Given material:
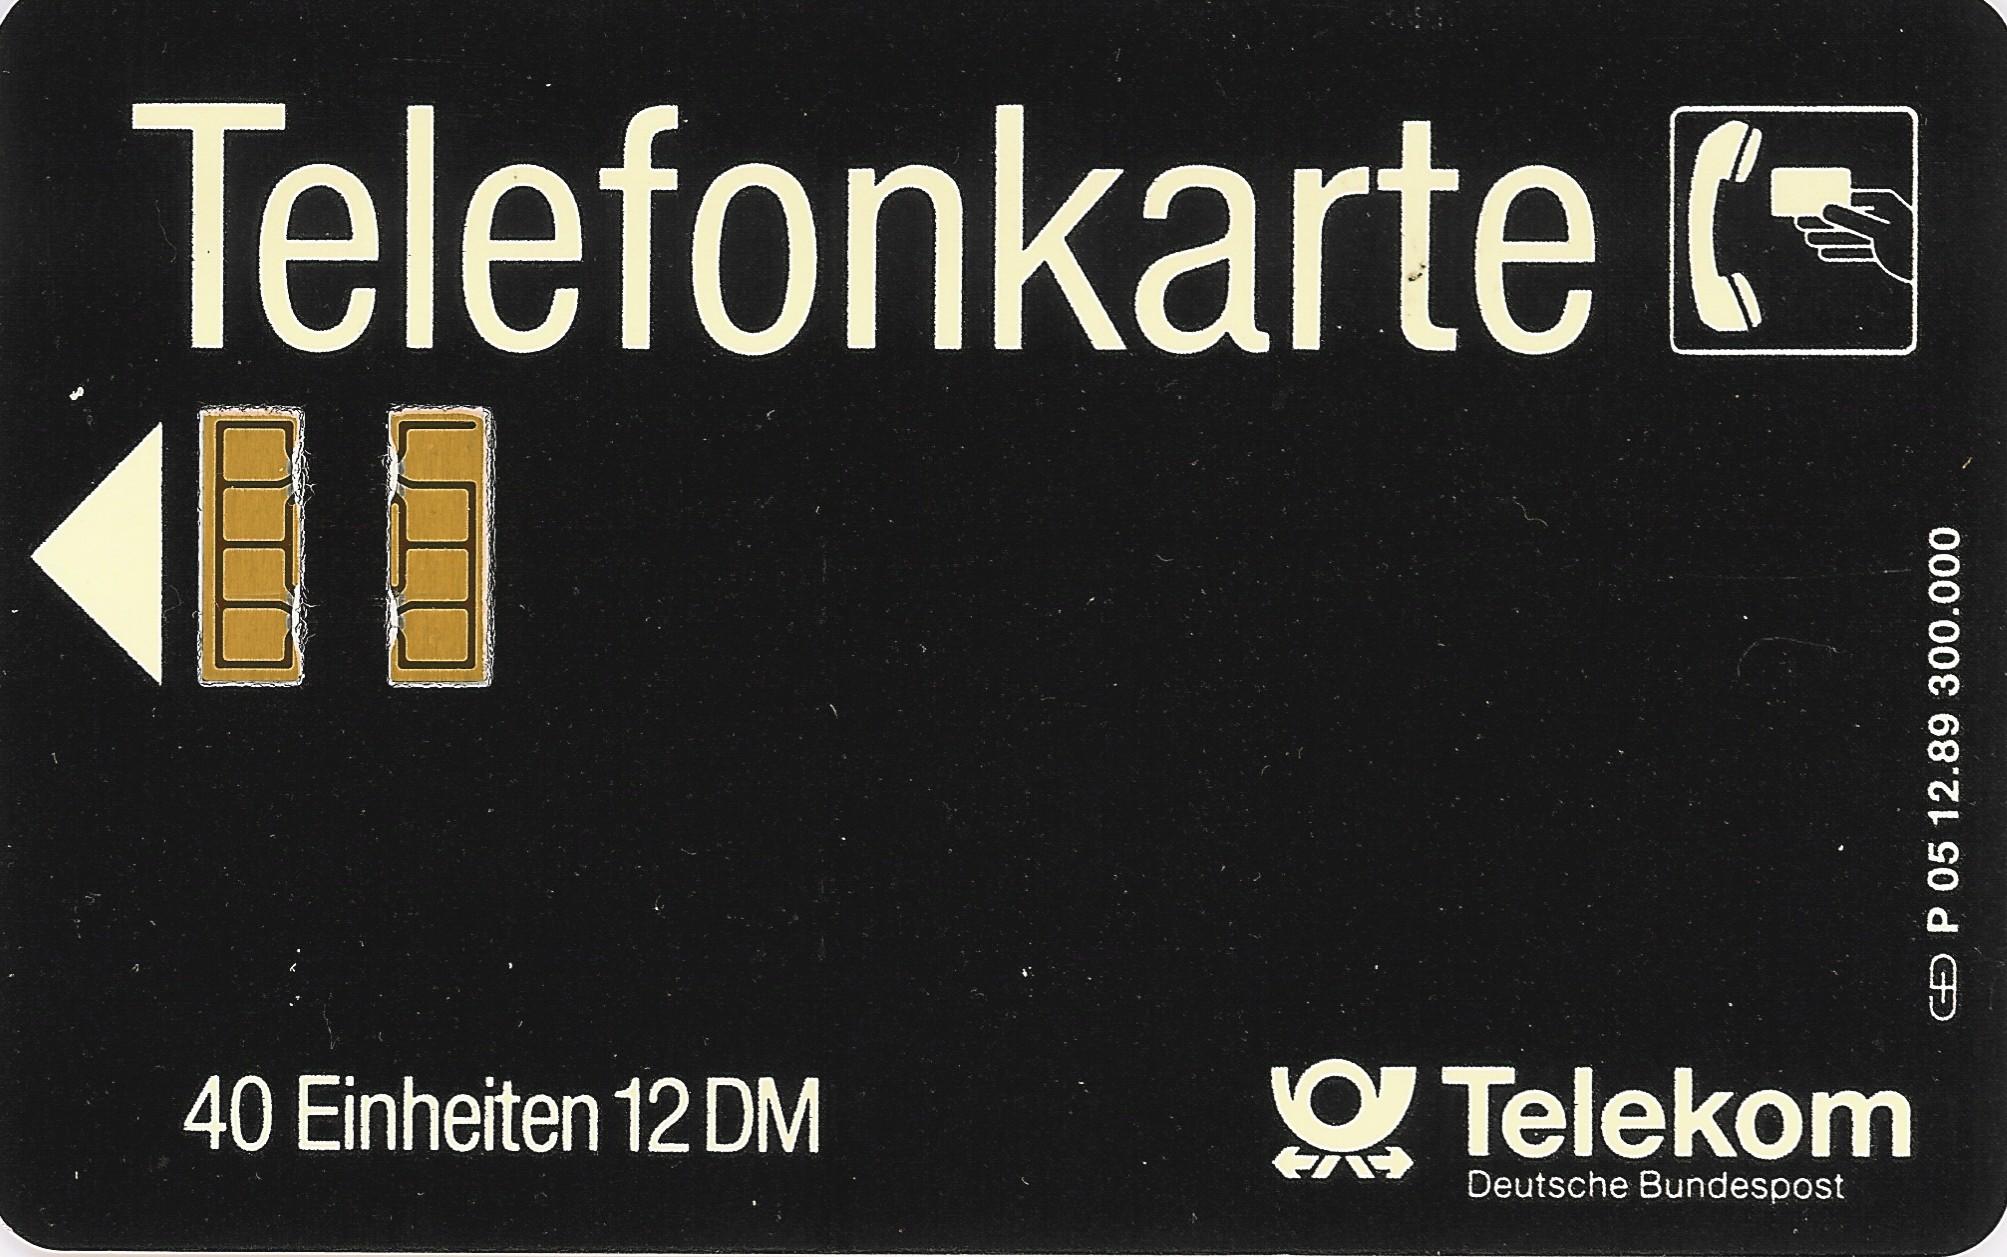 Tarjeta Telefonkarte. Deutsche Telekom
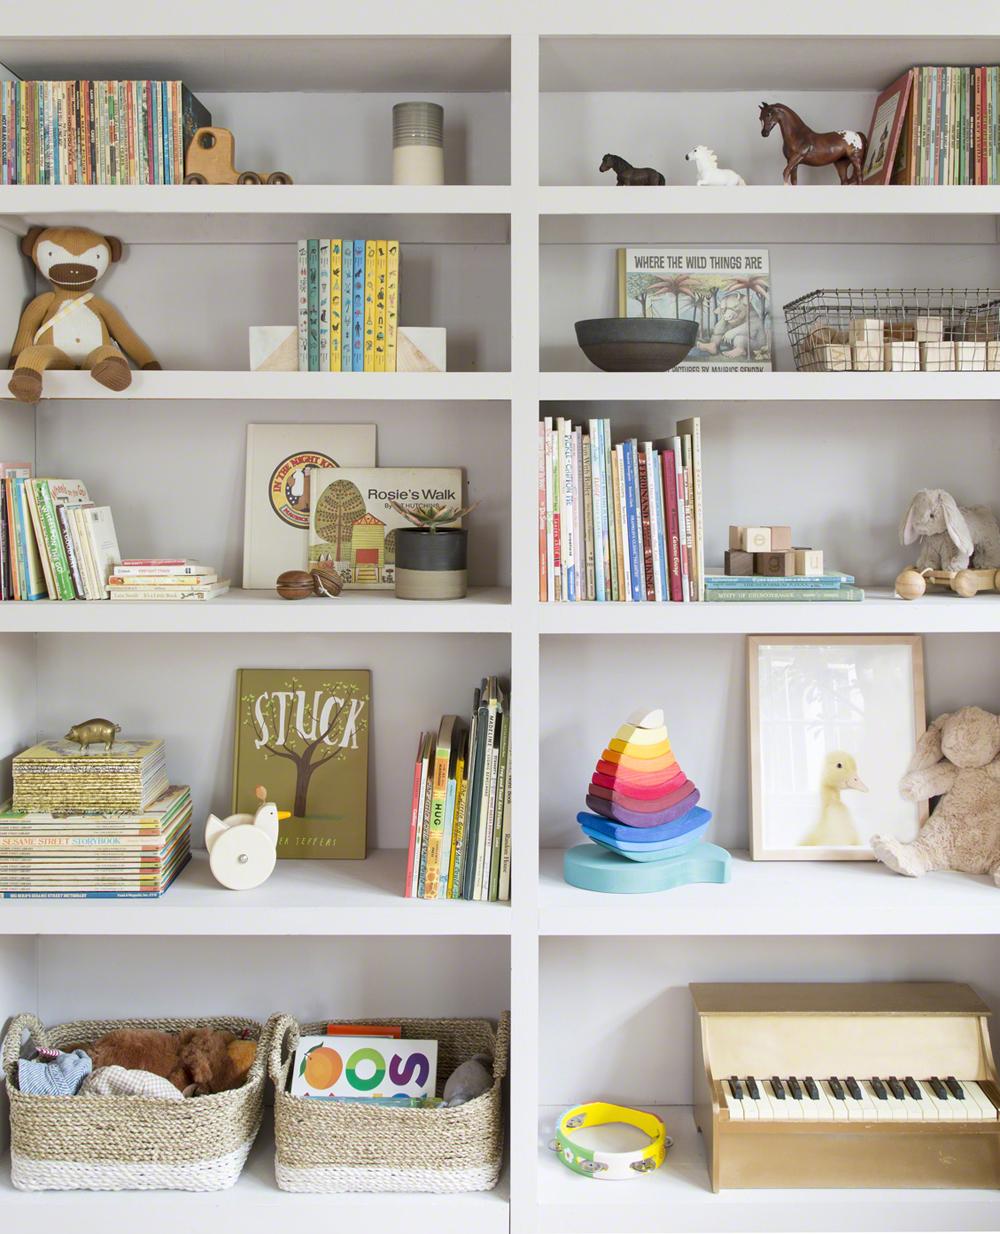 baby-rhino-nursery-design-storage-www.theanimalprintshop.com-02
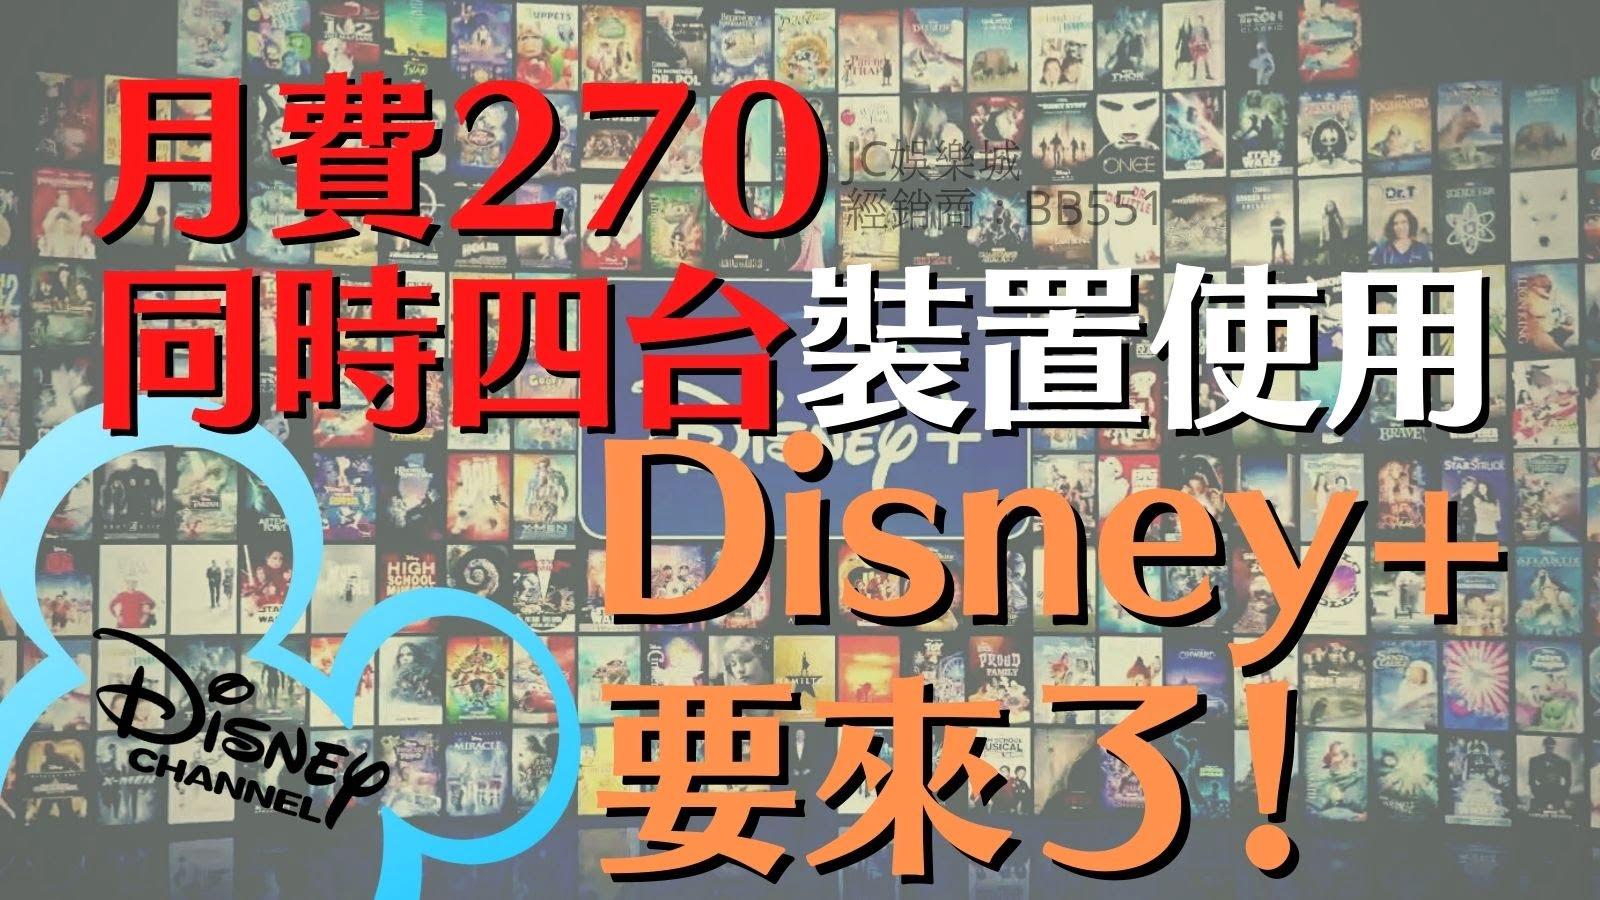 【Disney台灣頻道介紹】台灣可以看Disney+影集了!Disney+收費方案說明
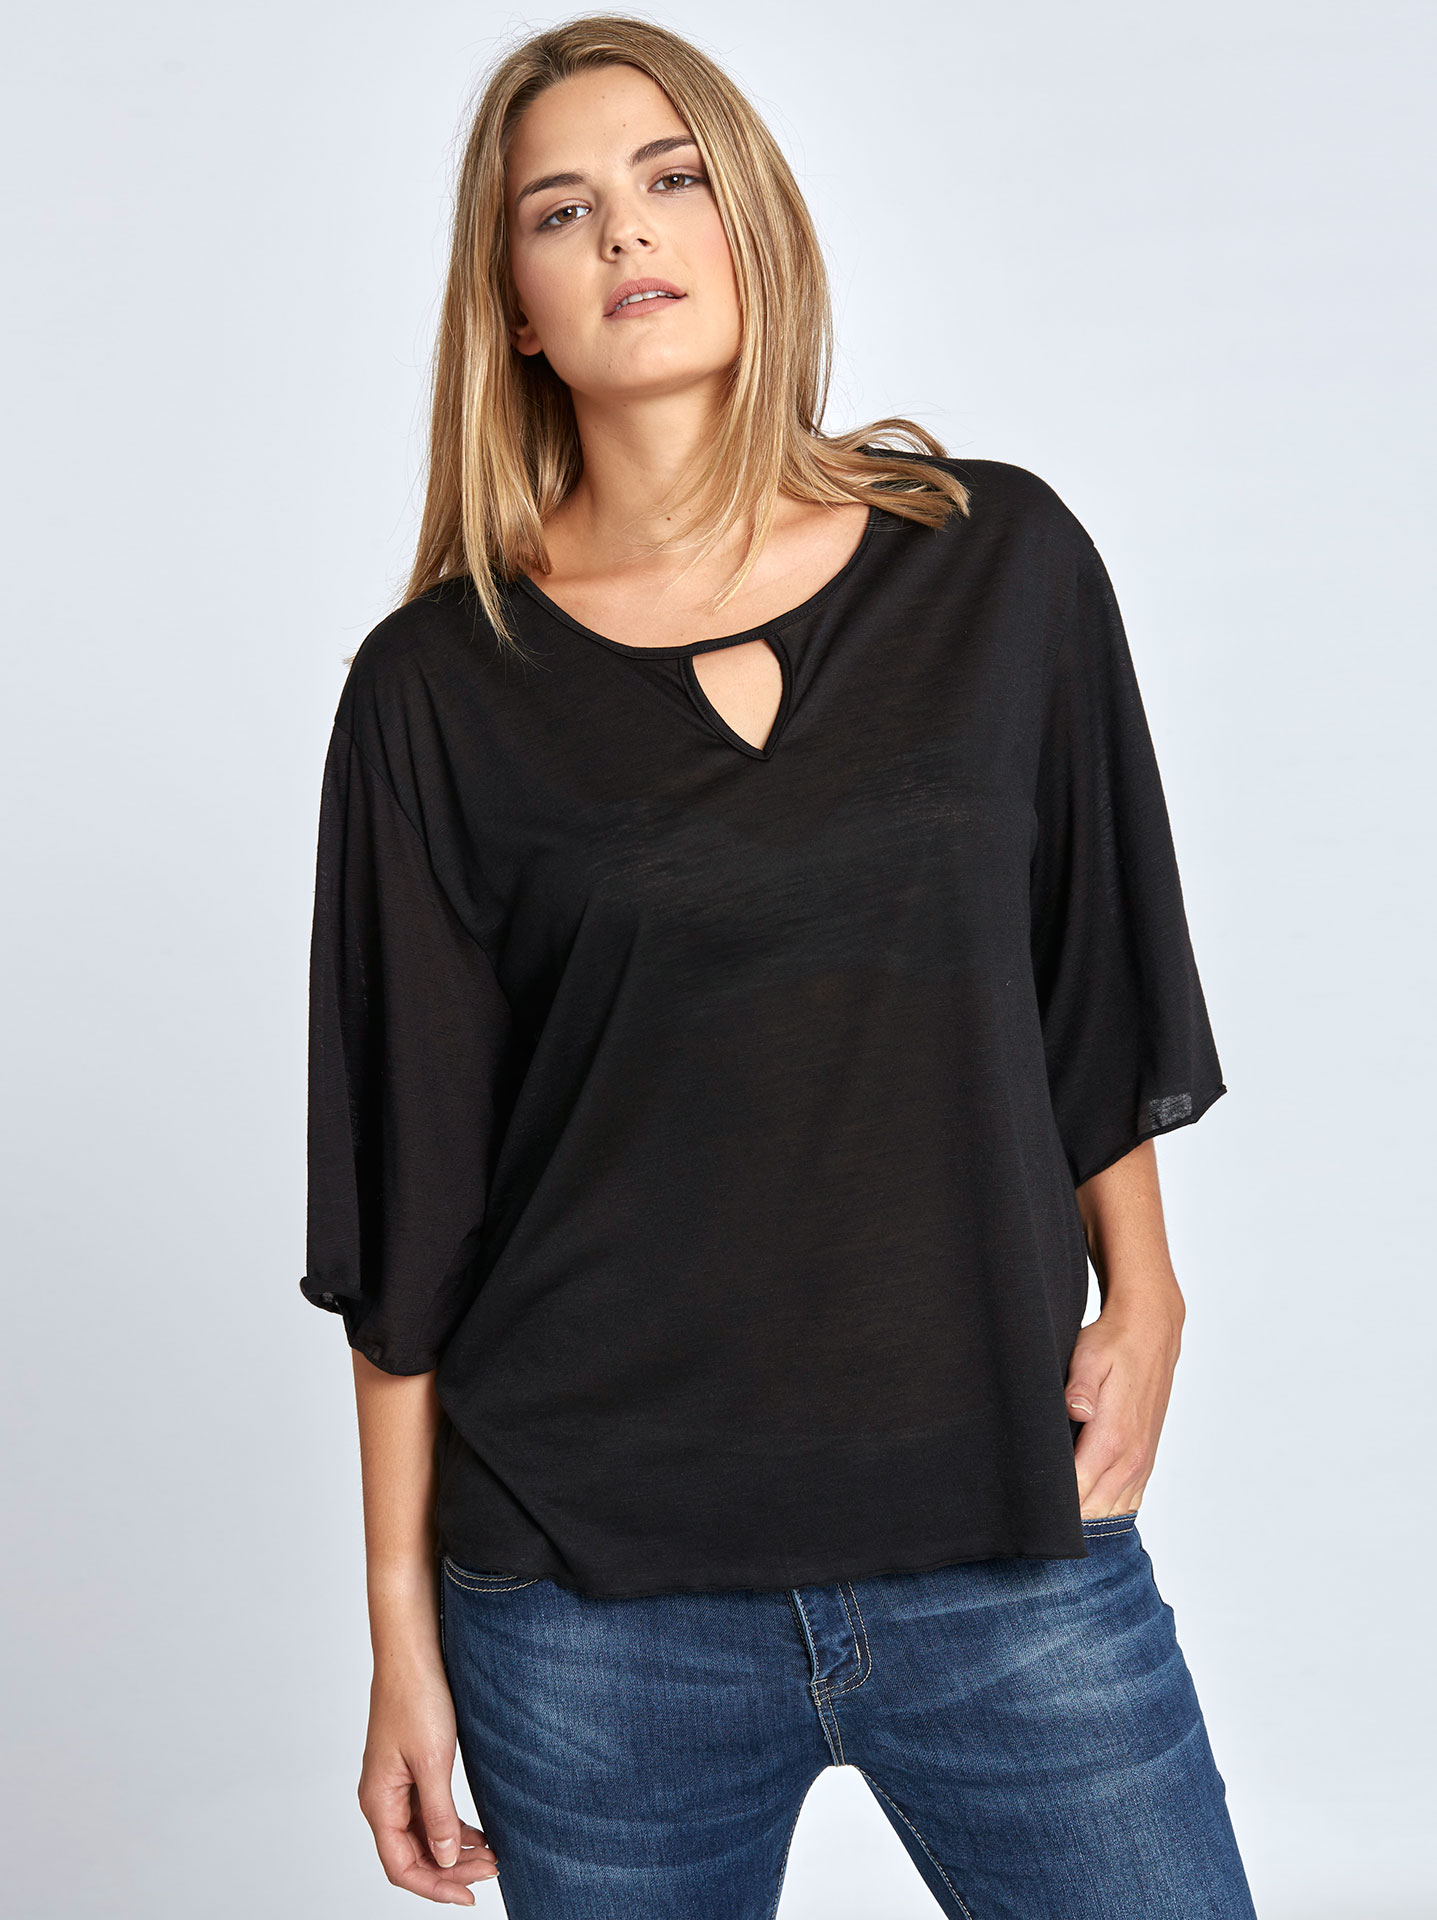 505bfca79b4e Plus size μπλούζα με άνοιγμα στη λαιμόκοψη curvy σε μαυρο

Task prompt: Before you return the listing, strip out its pictures; all else must match exactly.

Output:
 Tarjeta Telefonkarte. Deutsche Telekom
 baby-rhino-nursery-design-storage-www.theanimalprintshop.com-02
 【Disney台灣頻道介紹】台灣可以看Disney+影集了!Disney+收費方案說明
 505bfca79b4e Plus size μπλούζα με άνοιγμα στη λαιμόκοψη curvy σε μαυρο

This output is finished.